Being told that your student loan debt makes you unable to qualify for a home mortgage can feel defeating and frustrating. But it may not be a bad thing…
Being told that your student loan debt makes you unable to qualify for a home mortgage can feel defeating and frustrating—especially when your rent is much higher than a monthly mortgage payment would be, home ownership tops your list of financial goals, or you simply want to establish roots and feel like you’re a Grownup.
While your sense of disappointment is legitimate, being turned down for a mortgage because of student loan debt may not be the financial roadblock it seems—once you dig into the financials of home ownership.
Owning a Home Doesn’t Guarantee a Return on Investment
You’ve probably heard the tales of homeowners whose property values skyrocketed since they bought. All the while, you’re writing a monthly rent check that feels akin to flushing money down the drain. It may seem like an injustice—until you compare the long-term historical performance of the stock market to the residential real estate market:
- The S&P 500 has produced compound returns of about 9.53 percent from 1928 to 2016.
- Though home prices have increased as much as 5.8 percent nationally over the last two years, according to the January S&P/Case-Shiller Home Price Index, the national average home value is still down by about 20 percent since 2006. Those homeowners may have fared better if they’d invested their cash into stocks.
Still not convinced? Nobel prize-winning economist Robert Shiller has also publicly supported the notion that investing in the stock market is a better way to build wealth, compared to buying a home.
Owning a Home isn’t Cheap
Calculate what you’d pay on a monthly mortgage compared to your rent, and home ownership may appear to be a financial slam dunk.
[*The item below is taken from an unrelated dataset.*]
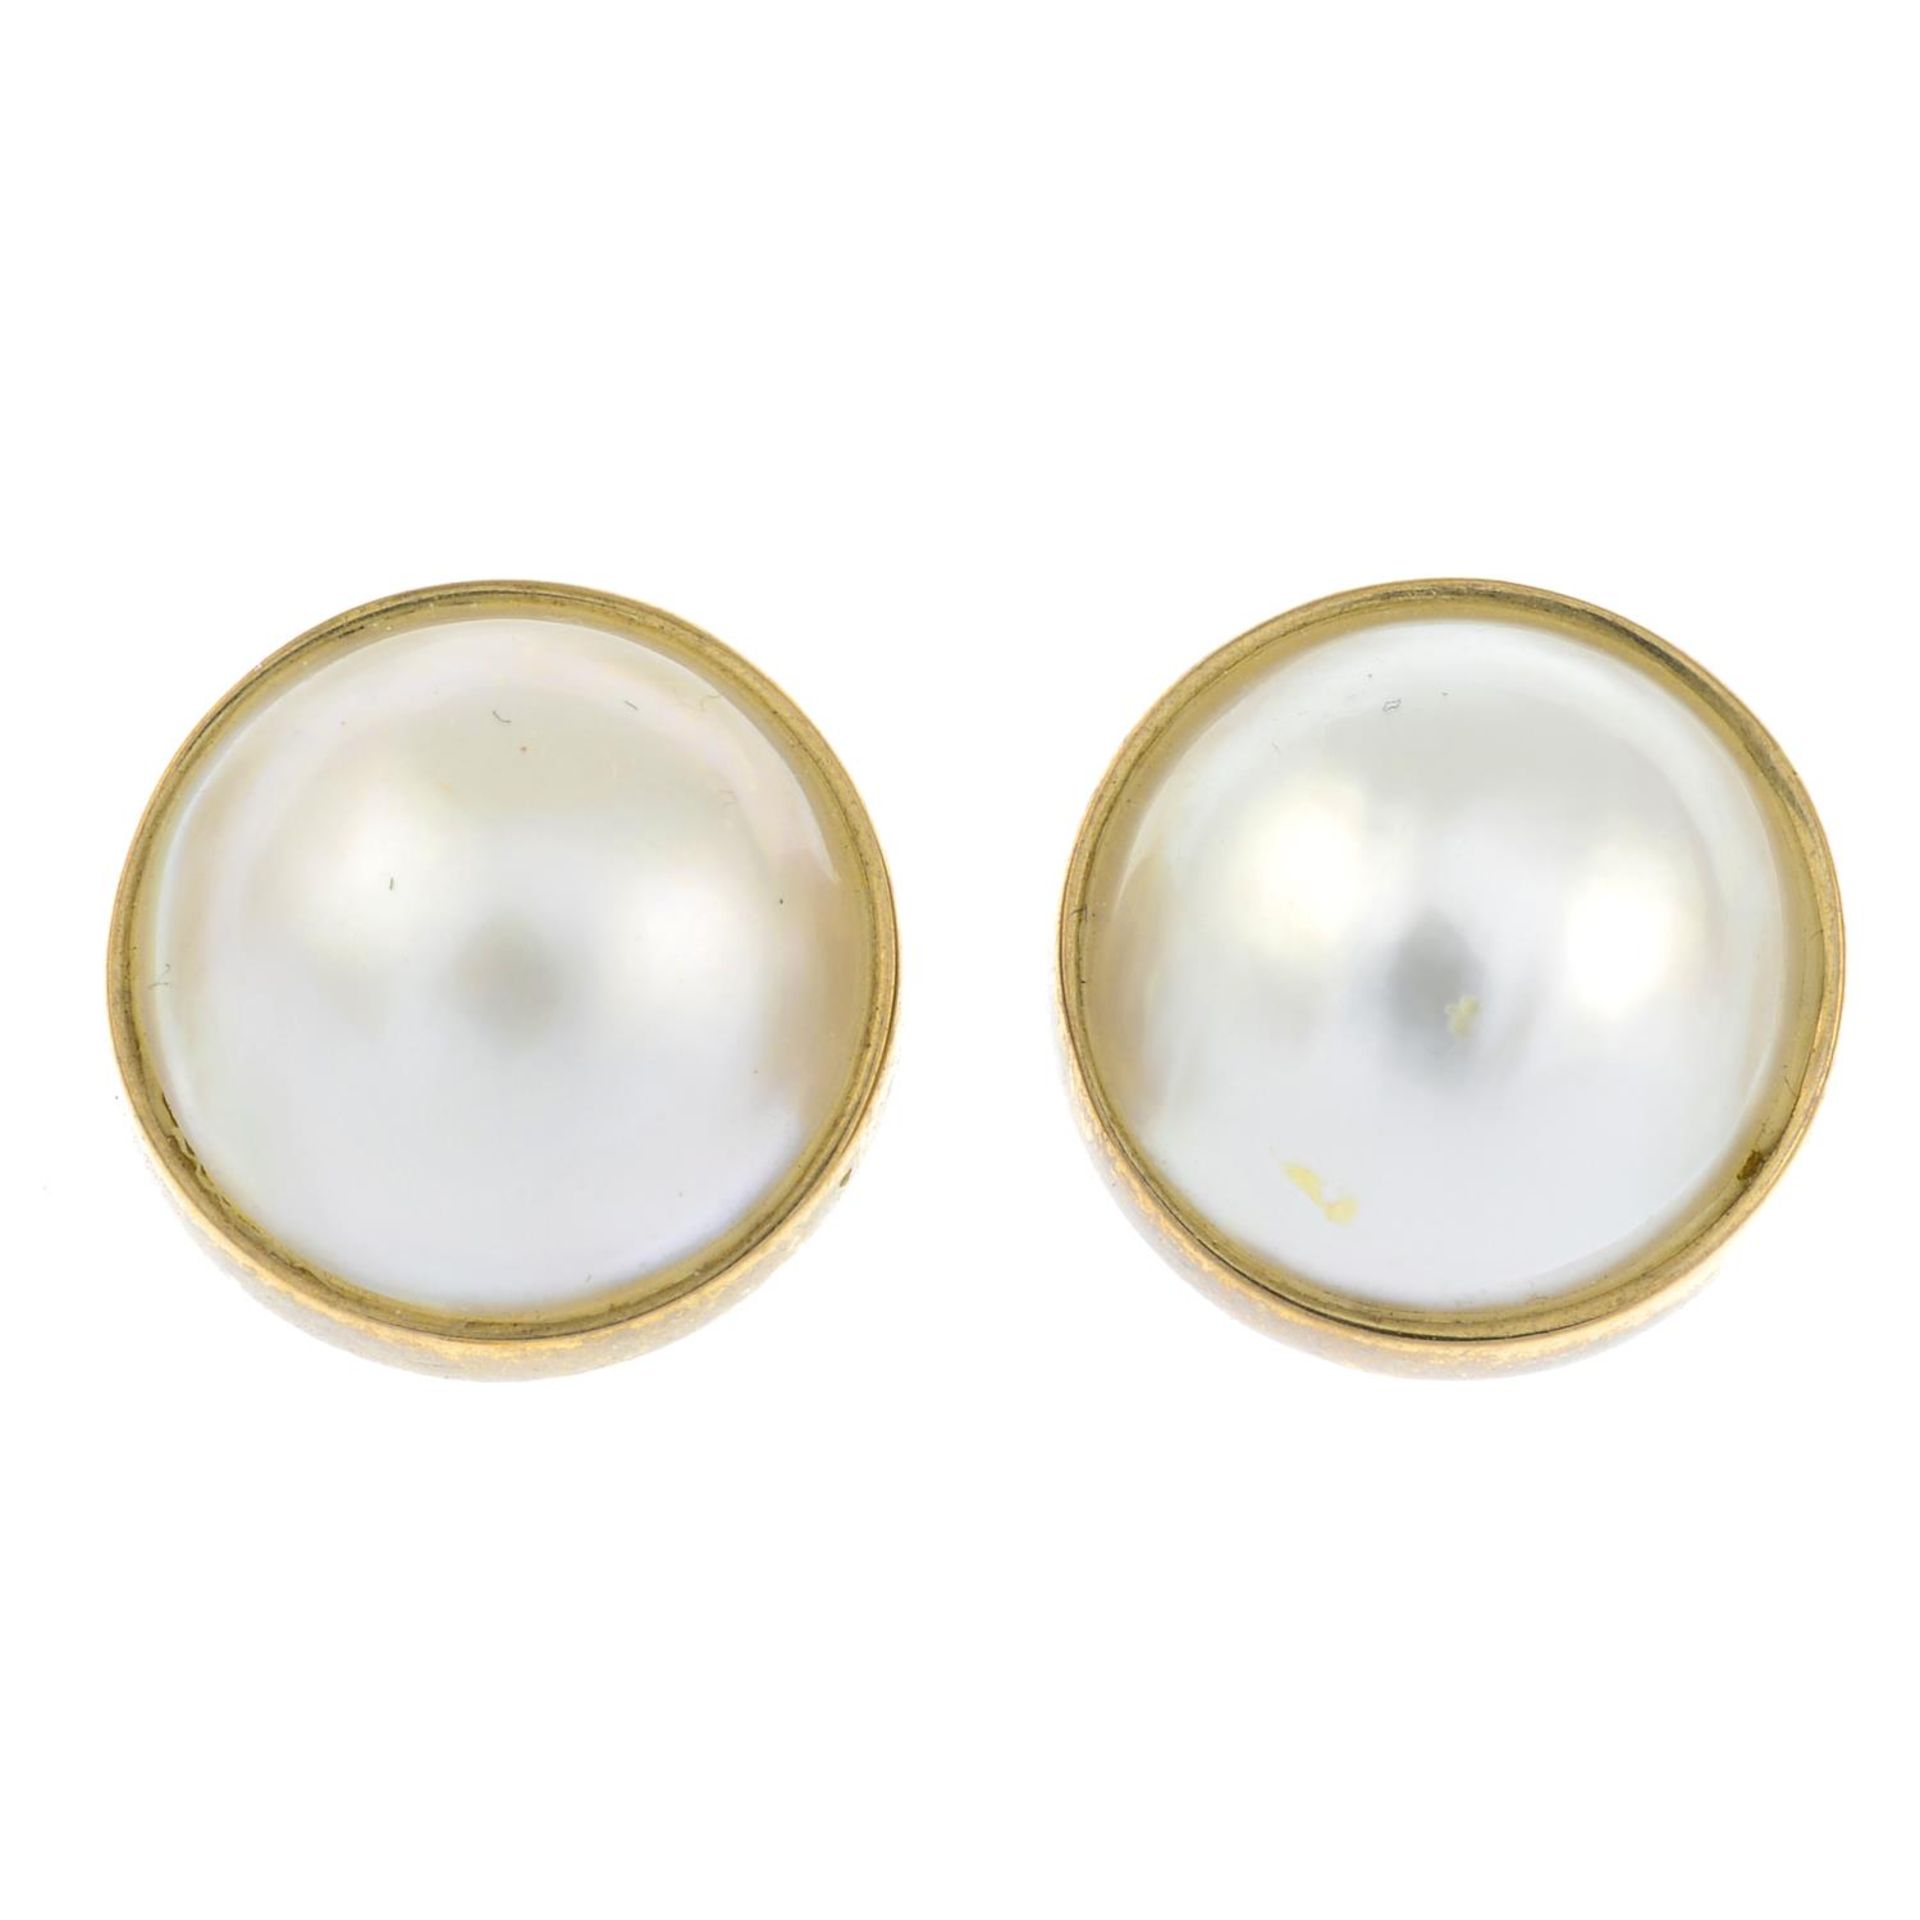 A pair of 9ct gold cultured mabe pearl stud earrings.Hallmarks for Sheffield.Length 1.3cms.

Yet owning a home involves inherent costs those calculations don’t include.
For example, if you’re a homeowner:
- Researchers at the University of Illinois suggest you should expect to spend 1 to 2 percent of the purchase price of the home on basic home maintenance costs each year.
- Property taxes typically increase over time based on property value adjustments and local tax codes; they’re a yearly expense.
- In addition to homeowner’s insurance, you may need to purchase additional insurance policies if you live near water or in an area prone to natural disasters.
- Major plumbing, electrical, and structural issues can cost you big time—unless you’re very handy and have an extensive tool collection.
- You may need pay for city services, which can include water and trash removal.
Owning a Home Makes it Harder to Move
Renters can choose not to renew a lease if they’re not happy with the home’s condition, the cost of rent, or want to change neighborhoods. Moving isn’t so easy, or inexpensive, for a homeowner. It may take a homeowner several months to find a buyer, and there’s no guarantee they’ll be able to demand a price equal to what they’ve invested in the home. Additionally, sellers may need to pay commissions to real estate agents, invest in additional home improvements to satisfy potential home buyers’ requests, and cover fees associated with the home inspection, closing, and title transfer.
Buying a Home with a Low Down Payment Equals a Higher Mortgage
If you’re paying down student loan debt and wondering how to buy a home with a small amount of savings, there are many loan programs available. But they may cost you more in the long run than delaying home ownership for a few more years. Some conventional mortgage loans require private mortgage insurance (PMI) when you can’t make a down payment of least 20 percent of the home’s purchase price; the PMI may apply until you have 20 percent home equity, based on its original appraised value. Though some FHA loans may require a down payment of just 3.5 percent of the home’s purchase price, they may require you make a monthly mortgage insurance premium payment for at least 11 years, and potentially for the life of the loan.
Whether you’ll pay any type of mortgage insurance (and its amount) depends on the loan type, your credit score, and the loan amount, among other factors. Any way you slice it, it’s an added cost of buying a home you can avoid if you wait until you can make a larger down payment.
Borrowing Less Could Mean Owning Your Home Outright Sooner
The amount of your student loan debt can make it difficult to obtain loans that consider debt-to-income ratio (DTI). Though it may take time to pay down student loan debts, credit card balances, and other loans that impact your DTI, you may benefit from getting your finances in order before you buy a home. For example, if you can make a significant down payment upfront, you can reduce the total loan amount. Or, you may consider a shorter-term mortgage loan of 15 years, instead of 30 years or longer. That may mean owning your home outright long before you retire—and paying a lot less in interest over the life of the mortgage.
The real estate market is cyclical: What goes up will inevitably come down. Putting your dreams of home ownership on hold because of student loan debt may not be your ideal scenario, but it doesn’t mean you’re robbed of the opportunity to build wealth via the stock market or elsewhere.